Beijing is forging ahead with its current round of state-owned enterprise reforms, which seek to introduce mixed ownership systems to large-scale government concerns, improving efficiency via the participation of private equity.
A total of 19 SOE’s participated in the first two rounds of reforms, including China Unicom and Eastern Airlines Logistics, with another 31 local SOE’s slated to take part in the third round, which will cover five sectors including real estate, construction, building materials, telecommunications and mining.
A new study from the Paulson Institute notes that changes to corporate governance are the very cornerstone of the SOE reform agenda, which in turn directly relates to Beijing’s current drive to implement mixed ownership reforms.
According to the study by Houze Song entitled “State-owned Enterprise Reforms: Untangling ownership, control and corporate governance,” the lack of external supervision of management has been one of the chief problems besetting Chinese SOE’s since the founding of the PRC.
“The lack of external scrutiny over top executives has led to problems ranging from imprudent decisions that are not actually in the interest of the SOE’s to management’s corrupt behaviours such as stripping state assets for personal gain,” writes Song.
“Therefore progress in these two areas – corporate governance and mixed ownership – is a key measure of whether and how much China is actually reforming its SOE’s.”
Song points out that the two are inextricably related, given that strong corporate governance is needed to secure the success of mixed ownership reform by giving protection to private investors and shoring up their confidence.
This is especially the case given that the current round of mixed-ownership reforms are unlikely to confer private investors with control of the SOE’s in which they invest, given the immense size of the sector and Beijing’s desire to retain control of the economy.
Song remains deeply pessimistic about the prospects for corporate governance reform in China, however, given Beijing’s ongoing efforts to increase the clout of party organisations within SOE’s.
According to Song these efforts to expand the influence of internal party organisations within companies are a retrograde move which run directly contrary to the broader reform goal of improving their economic performance.
“Strengthening CCP control over SOE’s is an agenda that has preoccupied Chinese policymakers for at least the past five years,” Song writes.
“It is an initiative that will, in practical terms, reverse the longstanding approach of transforming SOE’s into more commercially oriented operations…consolidating CCP control over SOE’s will actually make reforms much more difficult to implement.”

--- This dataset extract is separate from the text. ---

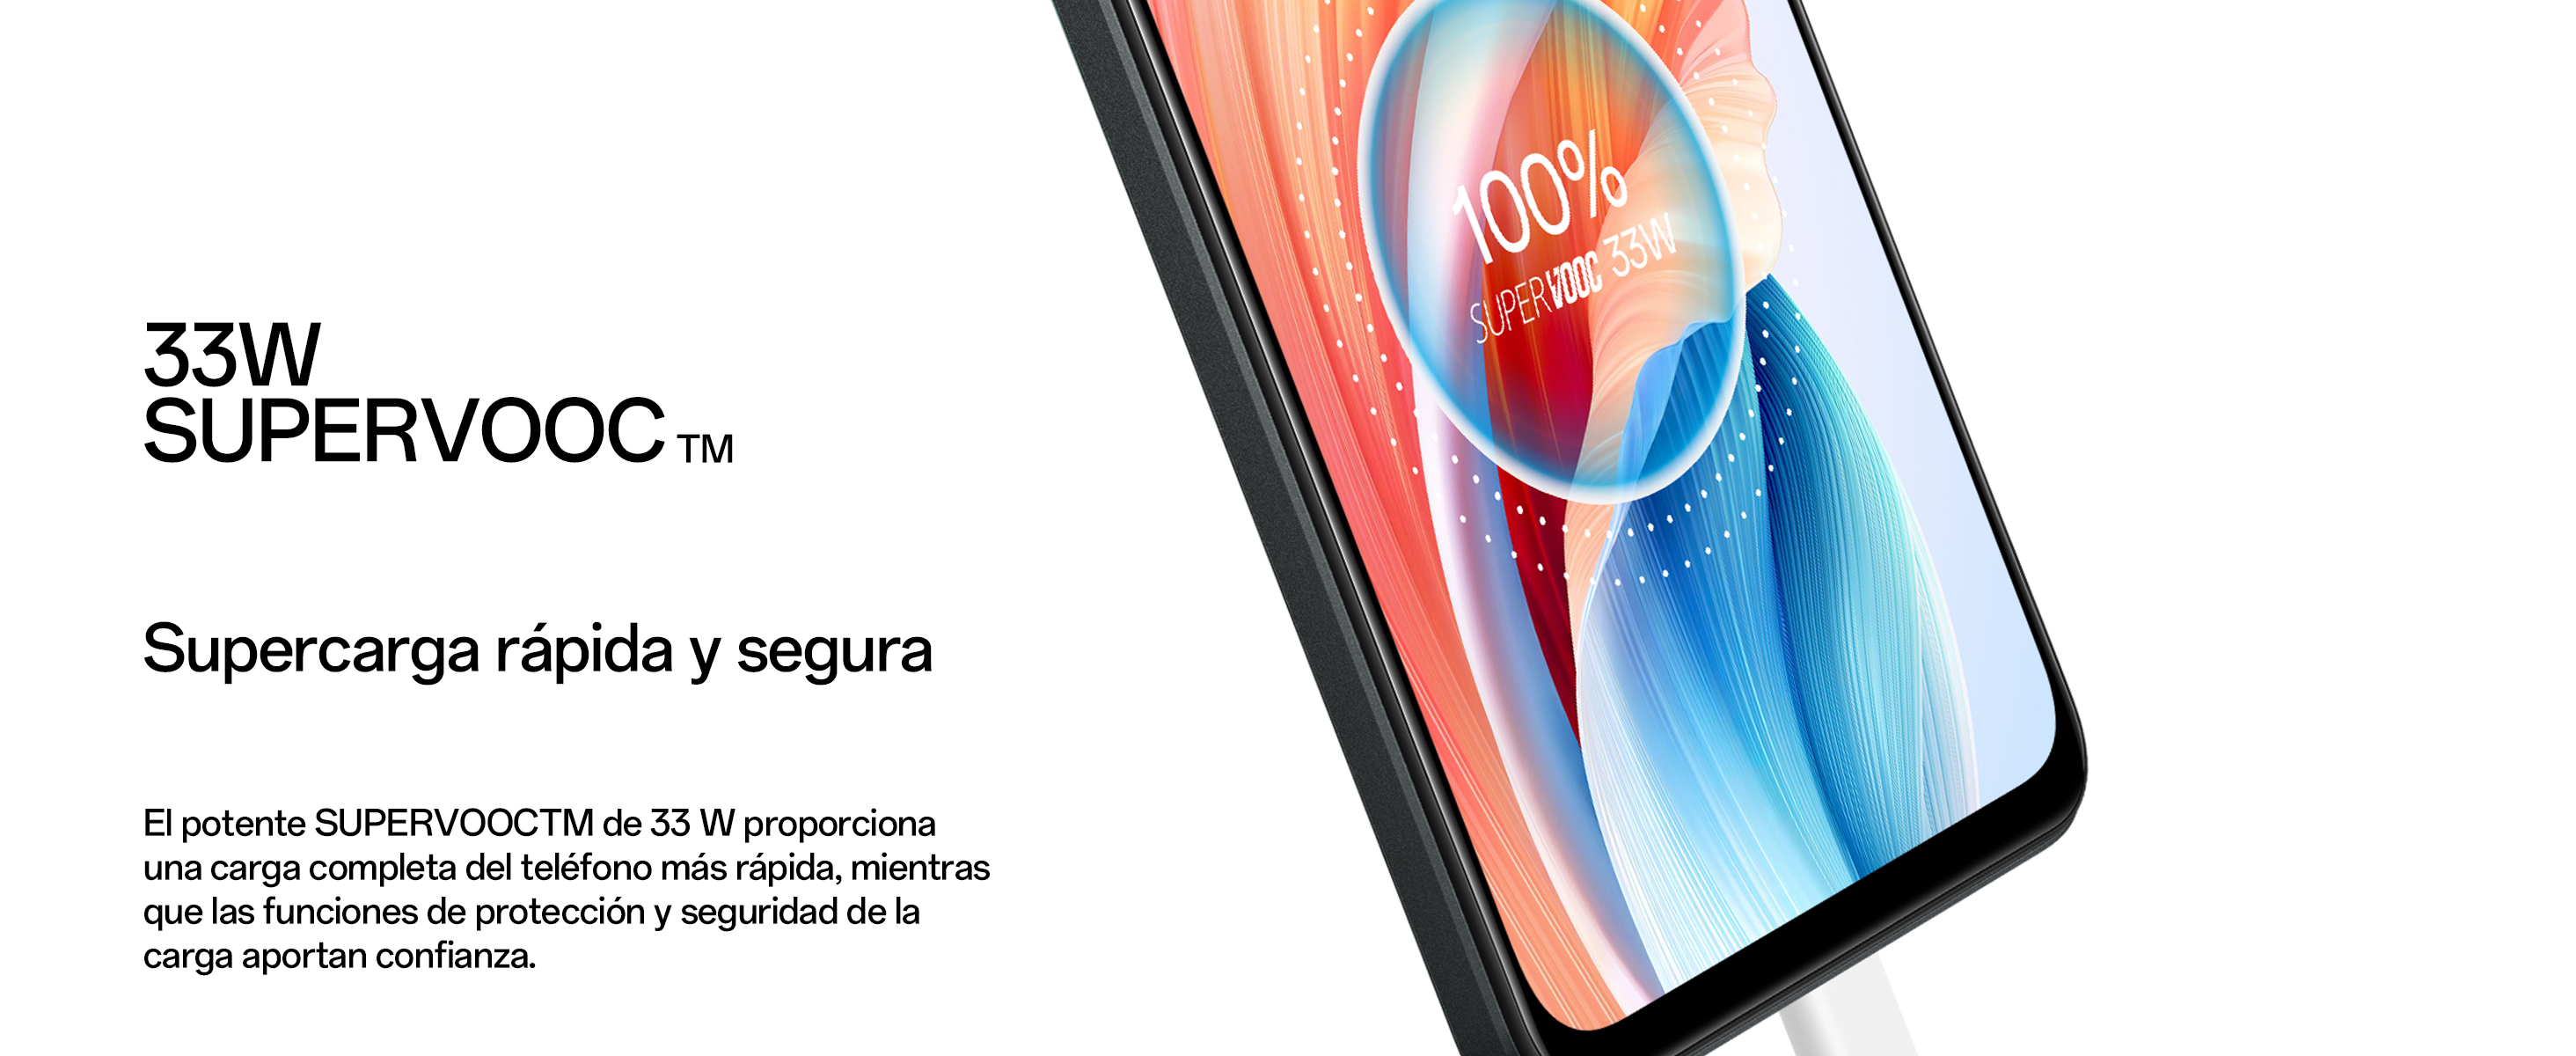 El OPPO A58 llega a España: su nuevo móvil barato destaca por su diseño,  carga rápida y el brillo de su pantalla

Song points out that structure of SOE’s differs most markedly from that of orthodox corporations in that they simultaneously possess both a board and a Party committee – a feature which greatly complicates the exercise of power within these organisations, and poses a major challenge to corporate governance reform.
Reforms efforts this year have involved some experimentation with the delegation of more authority to SOE boards, with trials for their participation in the evaluation of management and the setting of executive compensation levels at under 10 central SOE’s or their subsidiaries.
Beijing had also mandated that all central SOE’s and their subsidiaries “corporatize” via the creation of a board by 2020 – a form of restructuring which two-thirds of central SOE’s have not yet undergone.
Song claims that these token efforts to increase the role and influence of boards will likely be derailed by Beijing’s preoccupation with retaining control over SOE’s, as embodied by a CCP Central Committee document dating from 2010 called the “Three Significants and One Large,” which requires that all major decisions involve the Party committee, the board and management.
This policy grants broader discretion to the Party committee over a greater range of business activities, with the potential to make them the highest executive authority within SOE’s to the detriment of the corporate board.
“Decision-makers now favour putting the Party committee atop the board as the ultimate authority in an SOE,” Song writes.
“If this effort is fully implemented and enforced, then more independent boards will never really become a reality of China’s corporate landscape.”
The greatest flaw of this policy is that is severely undermines corporate governance, given that SOE senior executives are invariably Party committee members themselves.
“Empowering the Party committee in corporate affairs is tantamount to empowering SOE senior executives themselves, which will reduce independent supervision of SOE management and further stymie the effort to improve corporate governance
“Over the long term, this will likely hinder the long-standing effort to turn SOE’s into more commercial enterprises.”